The terminology comes from Thomas Nagel's 1974 paper "What Is It Like to Be a Bat?" Bats navigate by echolocation. We can describe the physics of echolocation, the neural processing, the behavioral repertoire. But can we know what it is like, from the inside, to experience the world through echolocation? Nagel says no. Subjective experience has a first-person character that cannot be fully captured by any third-person scientific description, no matter how complete.

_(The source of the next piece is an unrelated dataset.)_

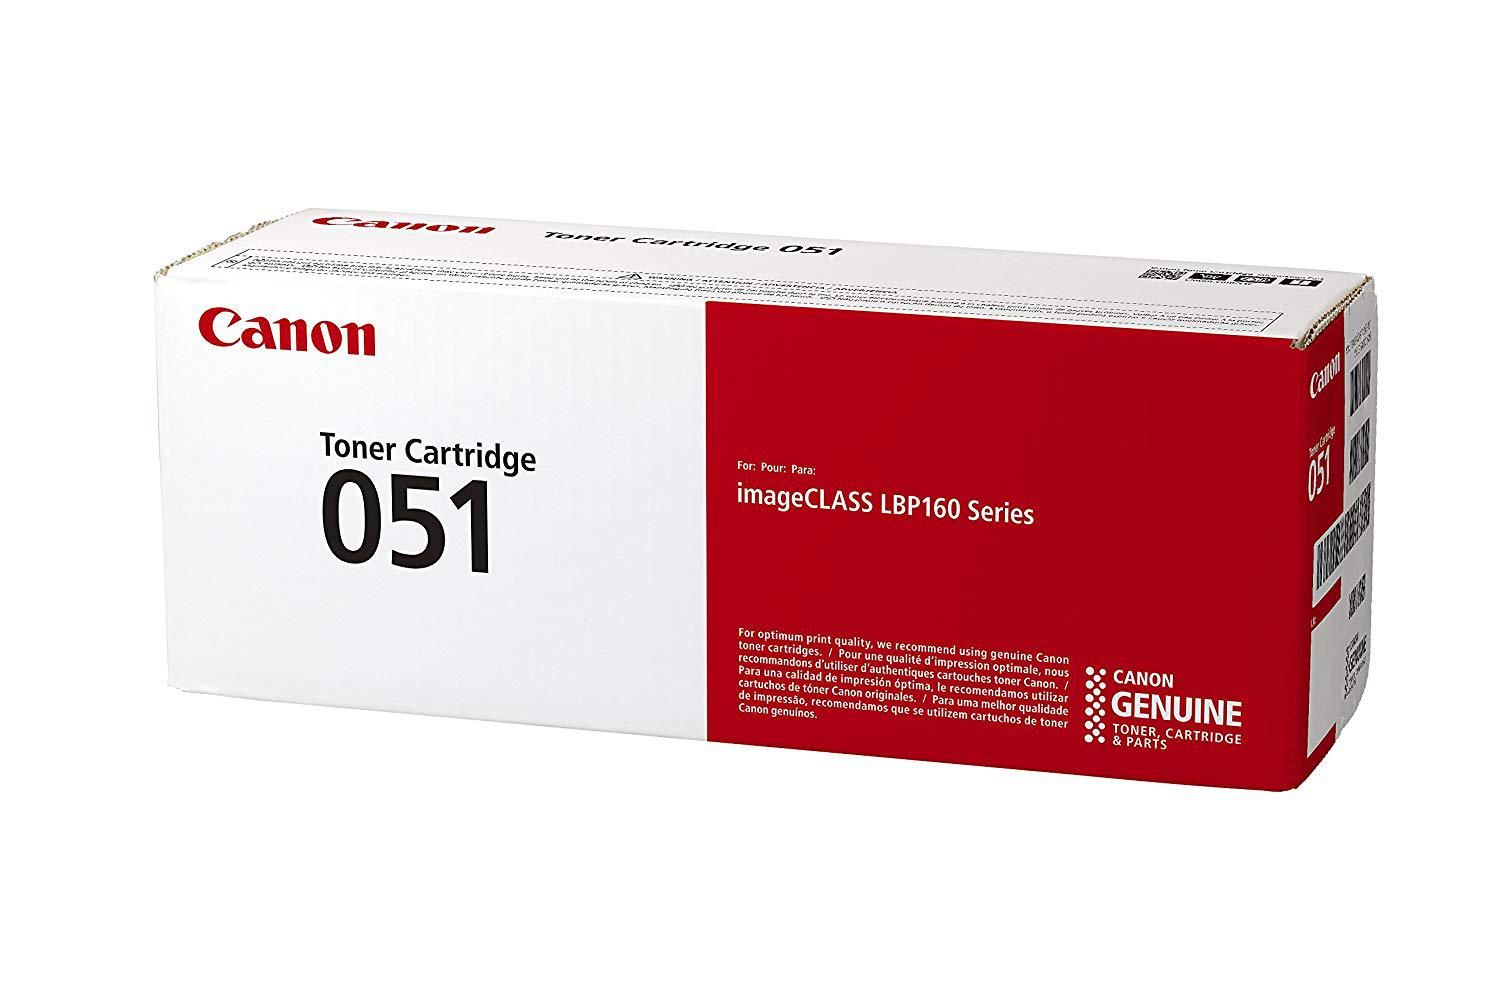 Toner CAMELLEON Black, CF244X-CP, compatibil cu HP M15|M28, 1K, incl.TV 0.8 RON,

Think of the analogy of explaining a color to someone who has been blind from birth. You can give them the full physics of red light, wavelength 700 nanometers, frequency 430 terahertz. You can describe the retinal cone cells it activates. You can trace the neural pathway from retina to visual cortex. You can describe every behavioral consequence of seeing red. But none of this tells them what red looks like. There is a fact about redness that your description, however complete, does not capture. That irreducible fact is what the hard problem is about.

Source:Chalmers, The Conscious Mind (1996); 'Facing Up to the Problem of Consciousness' (1995); Nagel, 'What Is It Like to Be a Bat?' (1974); SEP 'Consciousness'; IEP 'Philosophy of Mind'

Quick reflection

Imagine a complete neuroscientific account of what happens in your brain when you taste coffee — every neural firing, every chemical process, every functional role. Would that account fully explain the experience of tasting coffee? If you think something is left out, what is it — and why does it resist scientific explanation?